• [TASK STATEMENT]: Omit all pictures, then retype the data exactly as given.

• [INFORMATION SHOWN]:
=-=-=

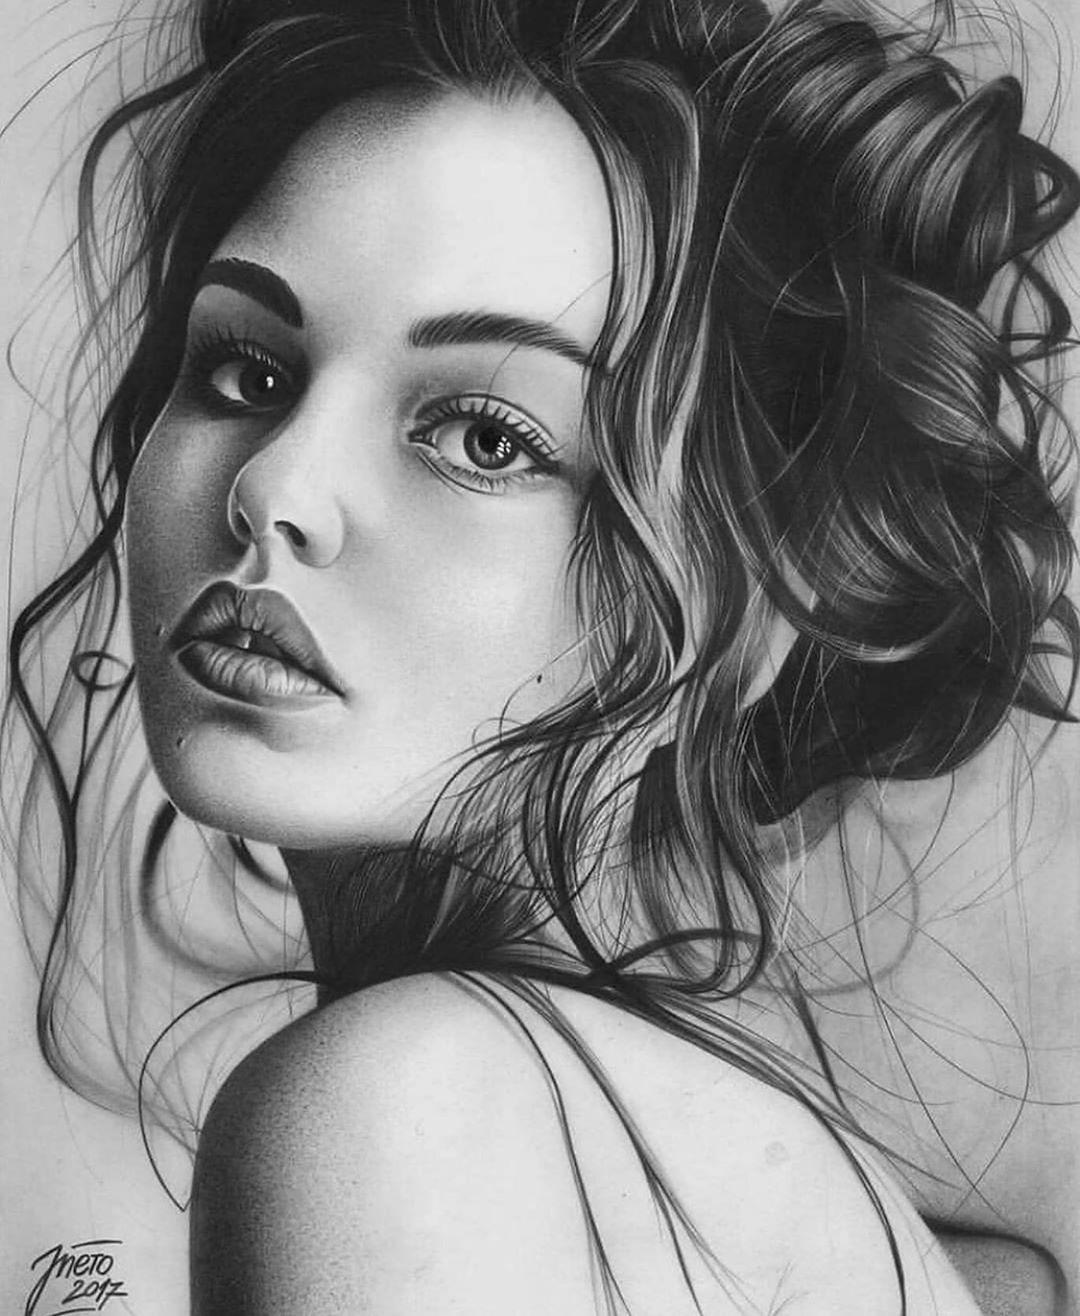 Amazing Drawing Artis Realistic Pencil Drawings Pencil Portrait Pencil Art Drawings
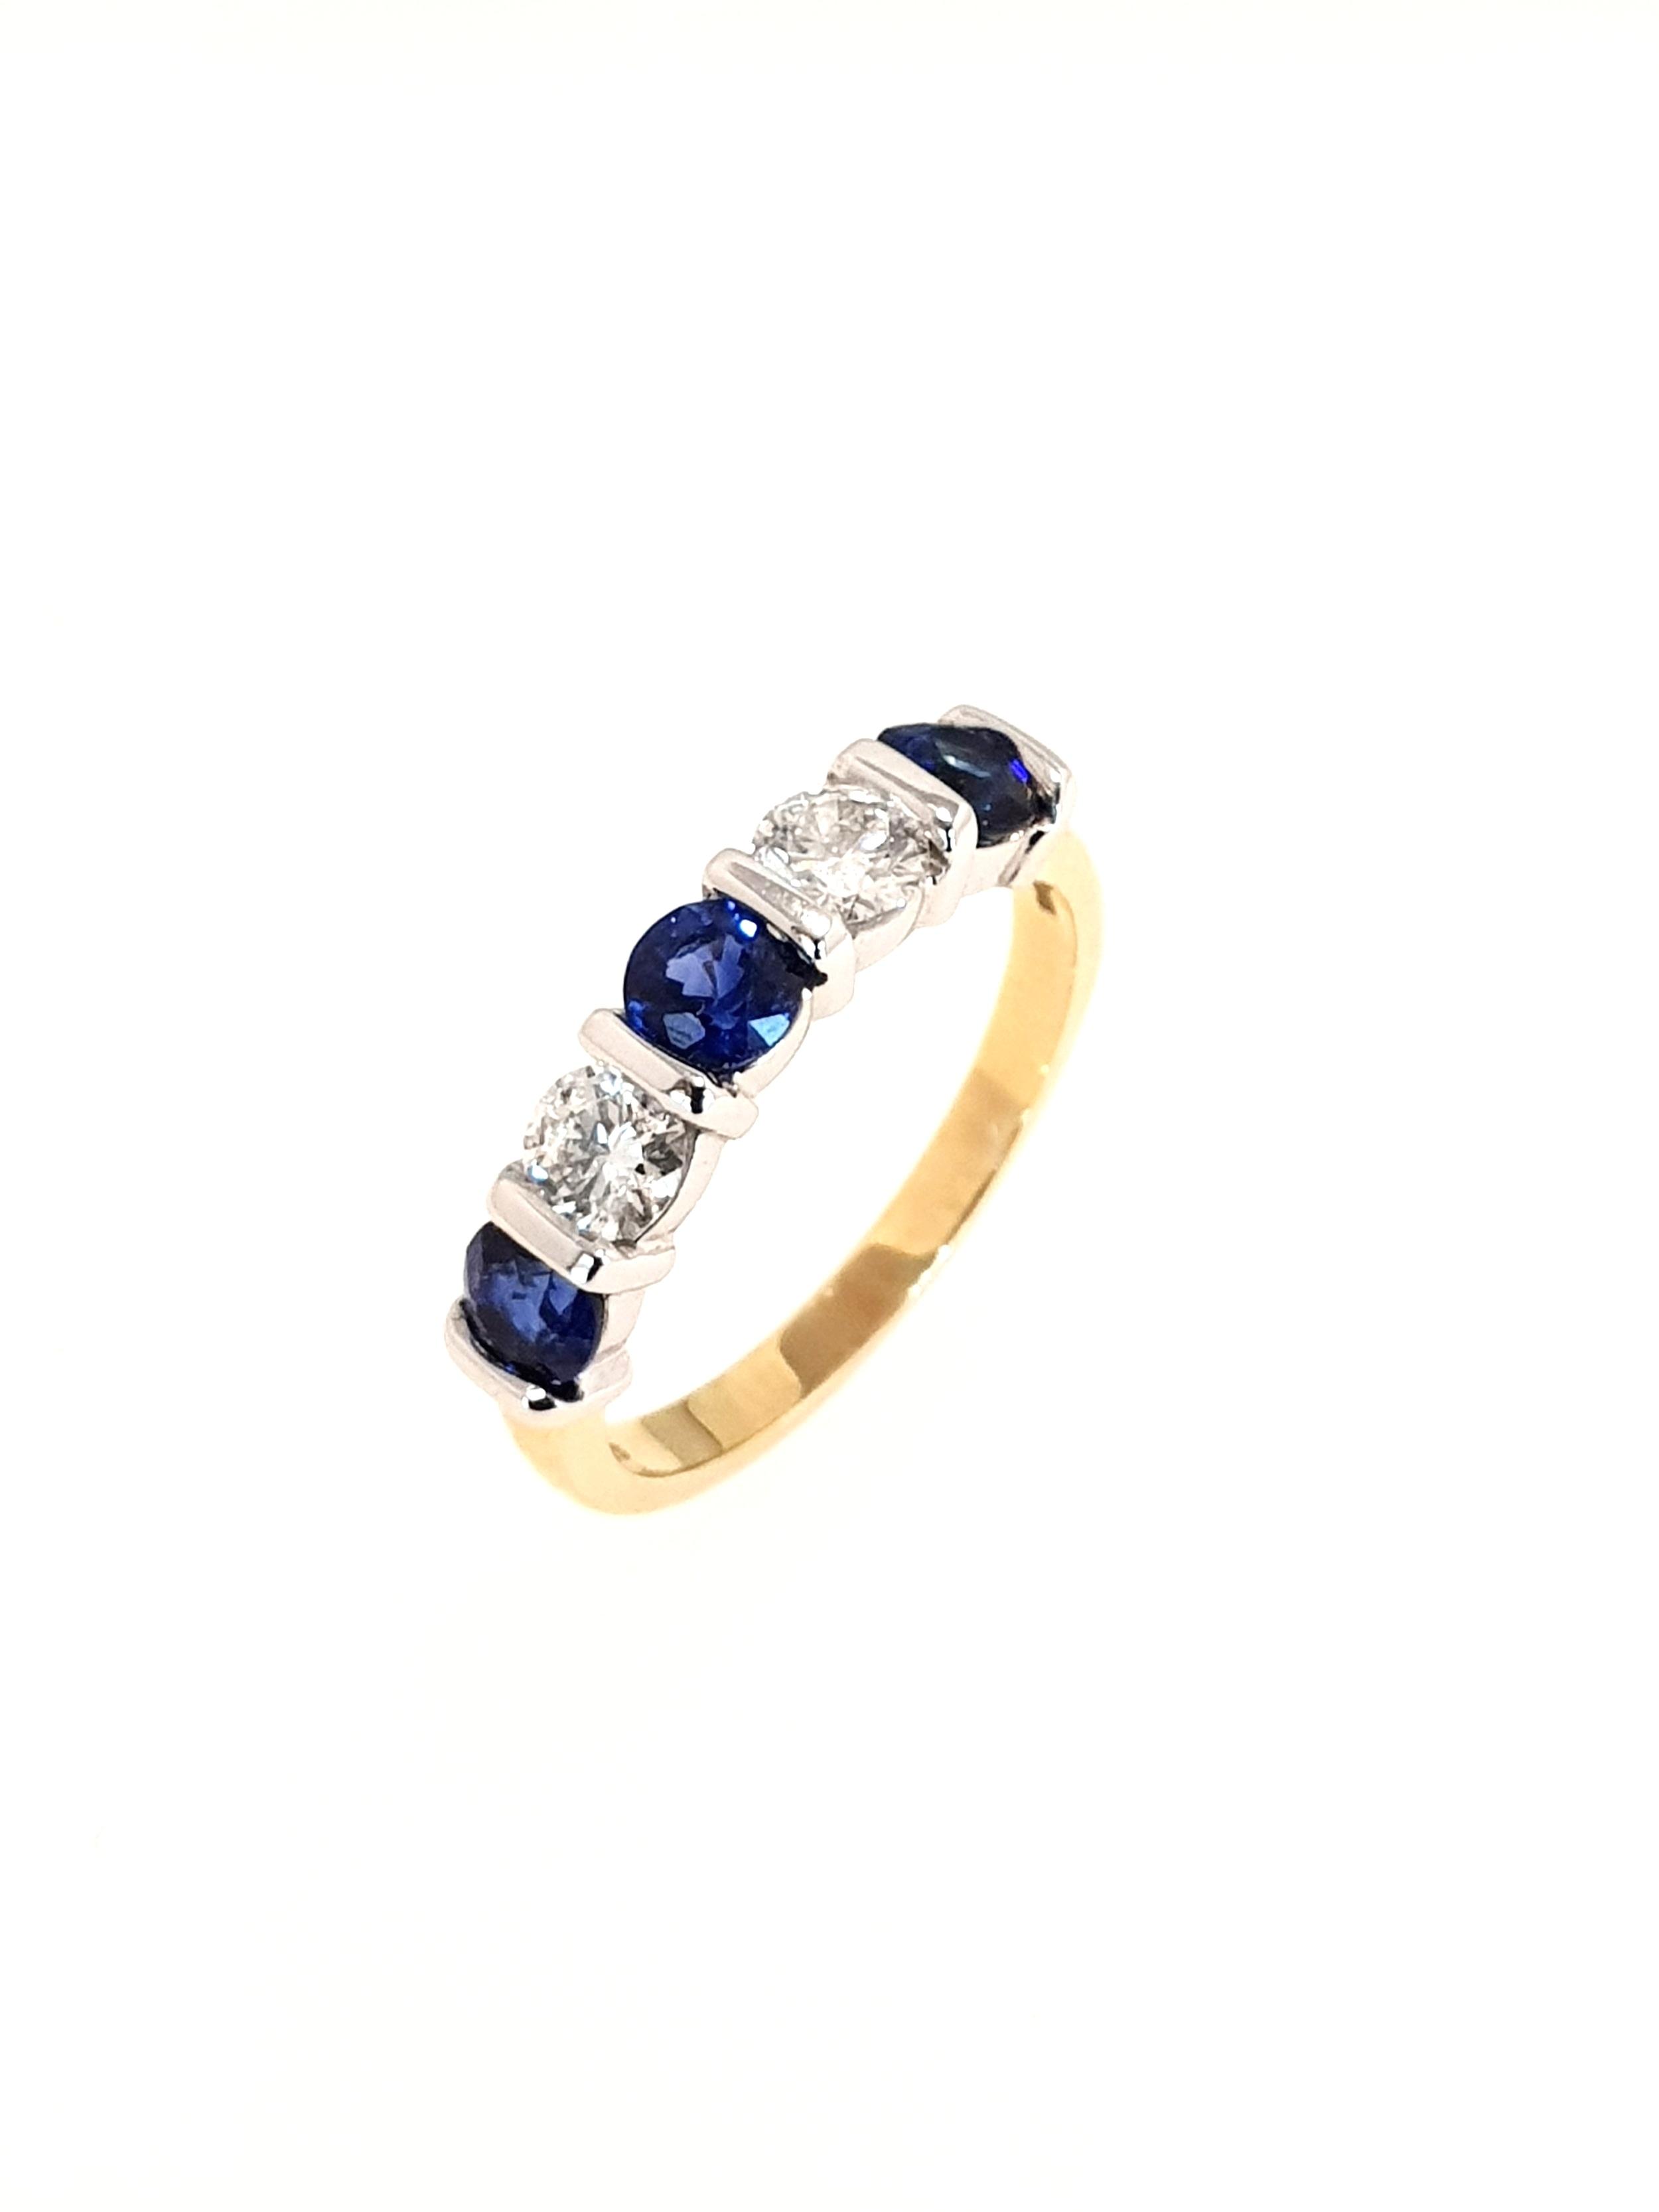 18ct Yellow Gold Sapphire & Diamond Ring  Diamond: .48ct, G, Si1  Stock Code: N8947  £3675
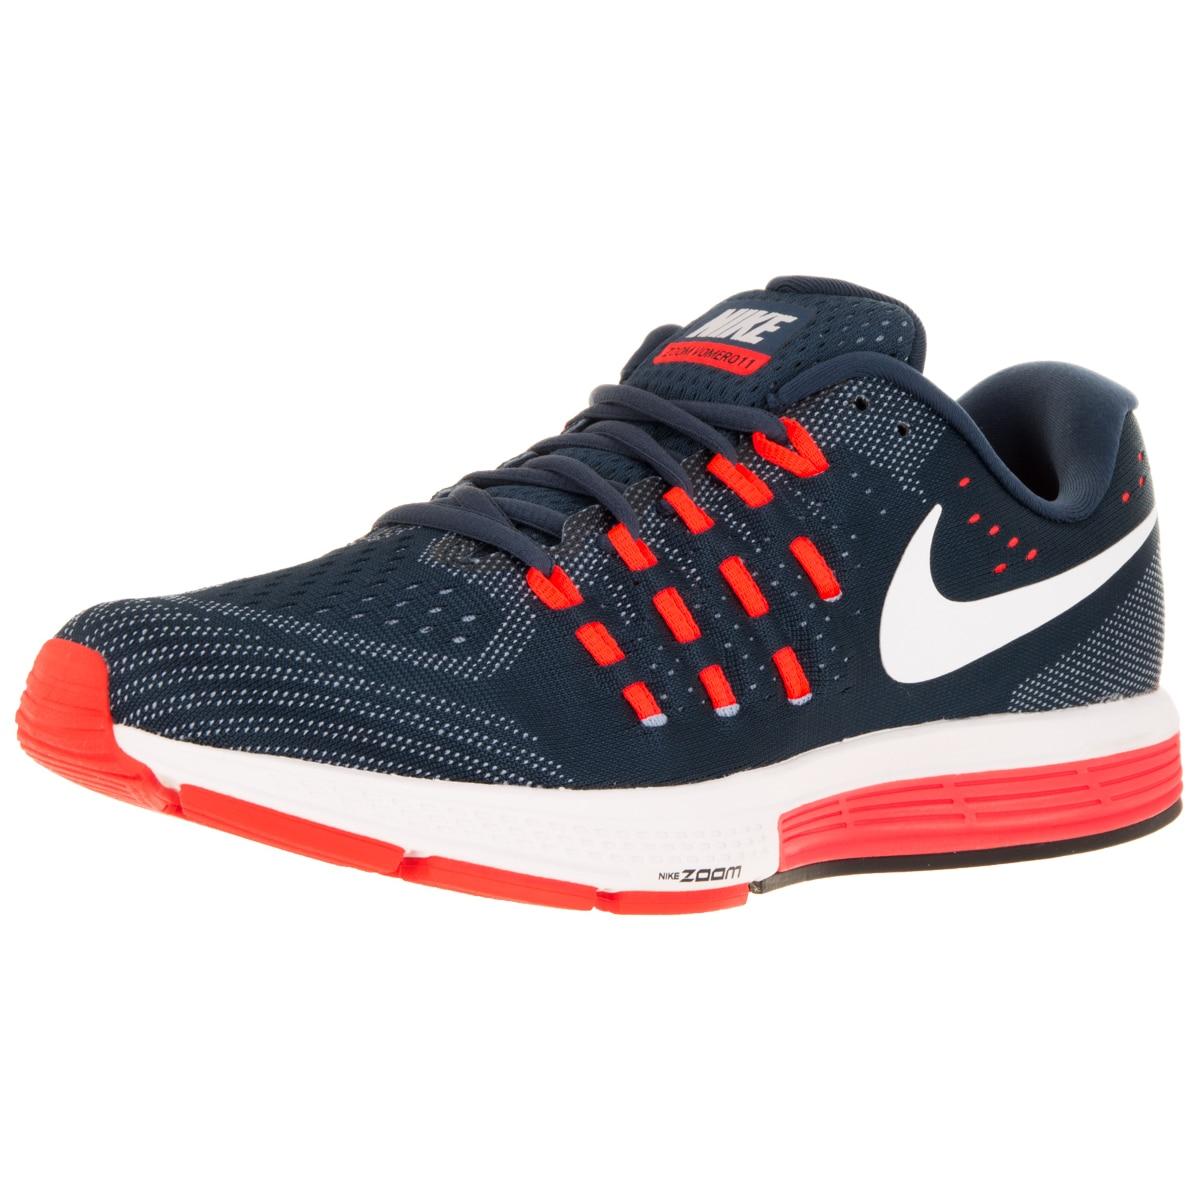 Nike Men's Air Zoom Vomero 11 Blue/White/Bl /T Crms Runni...

=-=-=

• [WRITTEN SOLUTION]:
 Amazing Drawing Artis Realistic Pencil Drawings Pencil Portrait Pencil Art Drawings
 18ct Yellow Gold Sapphire & Diamond Ring  Diamond: .48ct, G, Si1  Stock Code: N8947  £3675
 Nike Men's Air Zoom Vomero 11 Blue/White/Bl /T Crms Runni...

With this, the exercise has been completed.